I likely became a novelist, in part, because novels are deep, capacious. They can hold ambiguity and nuance without being neutral and ultimately saying nothing. It’s no accident that both my novels explore how hard it can be to belong in a mixed family. My most recent novel, What’s Mine and Yours, follows two young people who fall in love at a newly integrated high school in North Carolina. She is a white-presenting Latina; he is a young Black man. Race matters in their relationship although the beloveds wish it weren’t so. While these characters aren’t a fictionalized version of my marriage, I couldn’t have written them if I hadn’t started to reckon more honestly with the differences in my experience and my husband’s. I finished the book while I was pregnant, at a time when we spoke often about how these questions of identity and our family might become trickier with a child. We focused mainly on how my husband could support and validate the experience of a child we imagined would be brown.

To our surprise, our daughter was born with light skin and green eyes. Strangers and relatives alike declared she looked nothing like me, and their coded comments were familiar. They were speaking about appearance, but their words cut deeper—they suggested something much more elemental about who she is, who I am, and the gap between.

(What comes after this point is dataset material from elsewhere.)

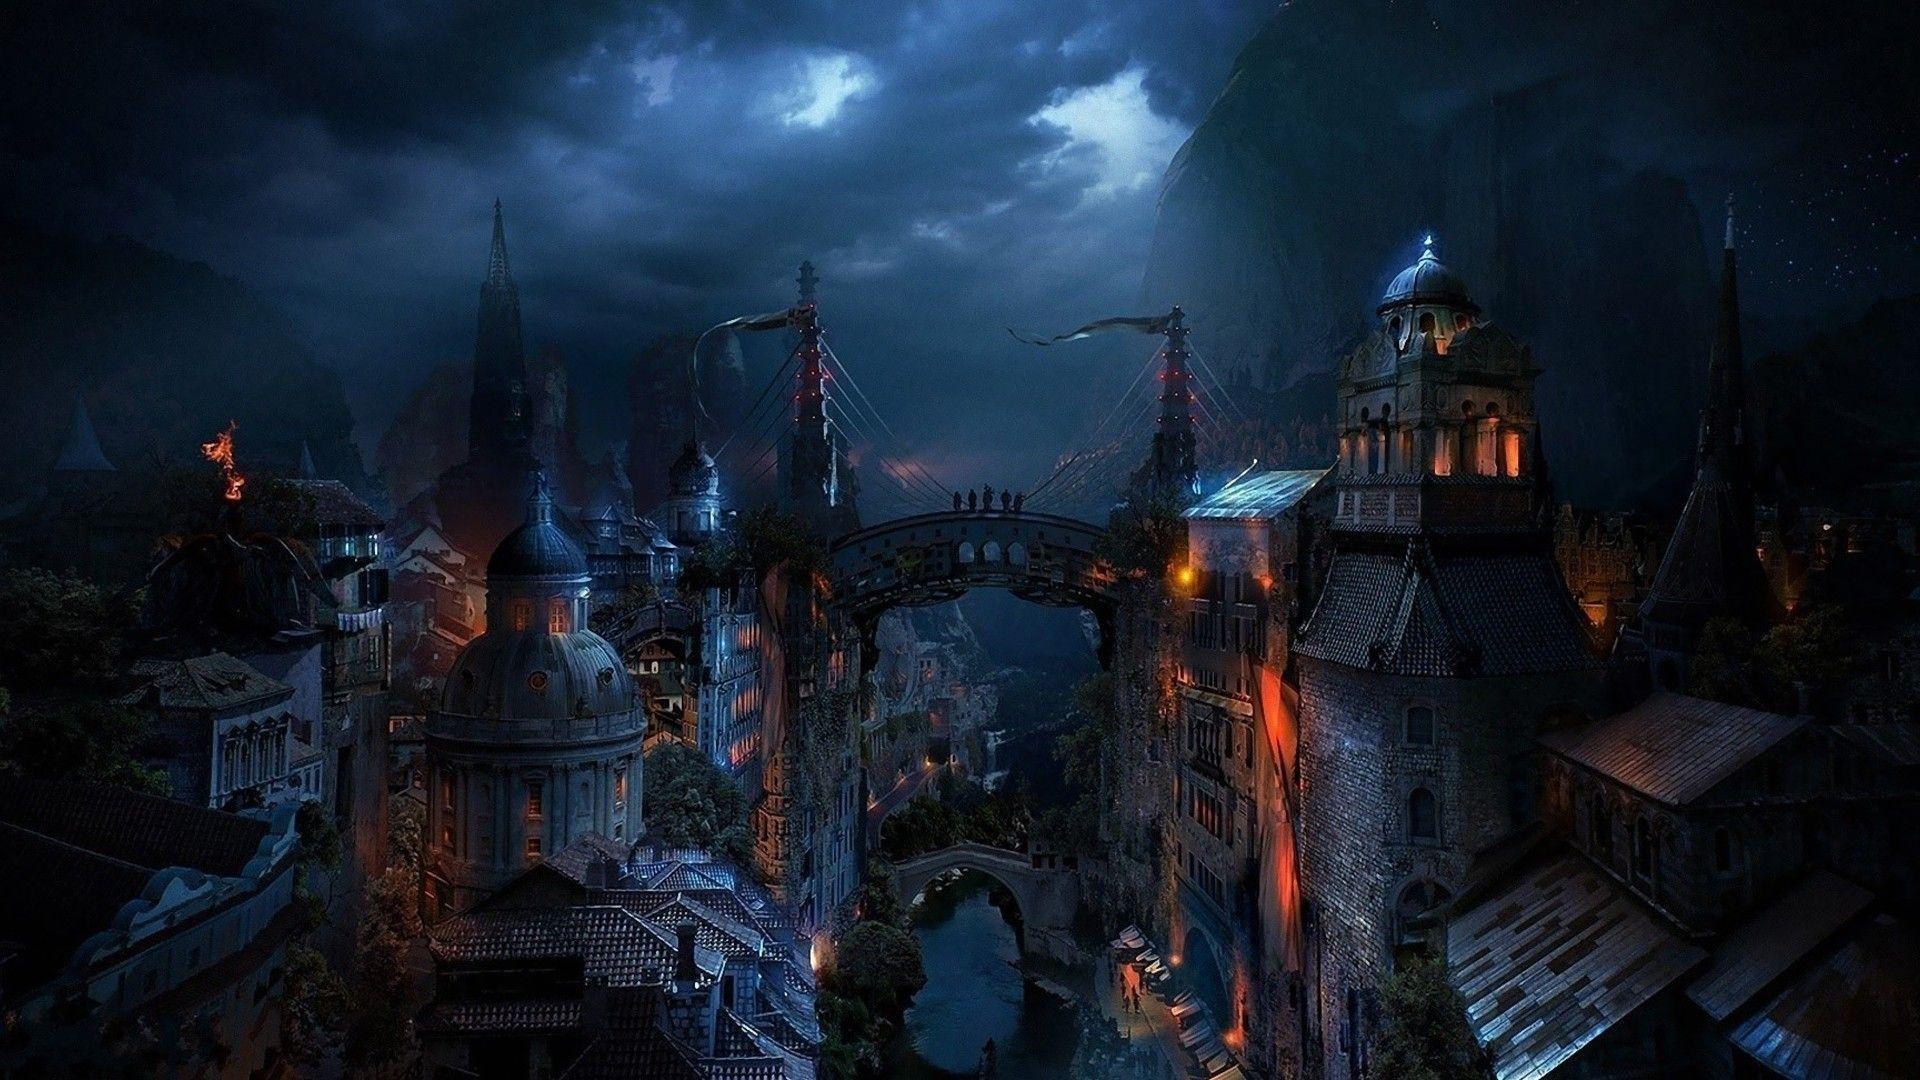 Http Www Fullhdwpp Com Wp Content Uploads Fantasy Cities Art 5 Www Fullhdwpp Com Jpg Fantasy City Dark City City Wallpaper

Once on a walk in the park, a woman asked if the baby in the stroller was mine. I said yes, and the woman responded, “Really?” I said yes again. “She doesn’t look like your daughter,” she said, as if determined to have the final word. I am never not wondering whether I’ll be seen as my daughter’s mother when we are in public. No one has ever been confused about whether my husband is her father.

My daughter is a toddler now, and her eyes have turned hazel, her brown hair has started to curl. Occasionally, someone will say she has my eyebrows, my undereye circles, my nose. Mostly people continue to insist we look nothing alike. I know what else they mean. I don’t know how she will ultimately identify when she’s older or how she will move through the world. I imagine it will be complicated. My hope is that I’ll let it be so. I hope we remember we don’t have to make a case for how alike we are to be kindred. We don’t even have to be kindred to love one another.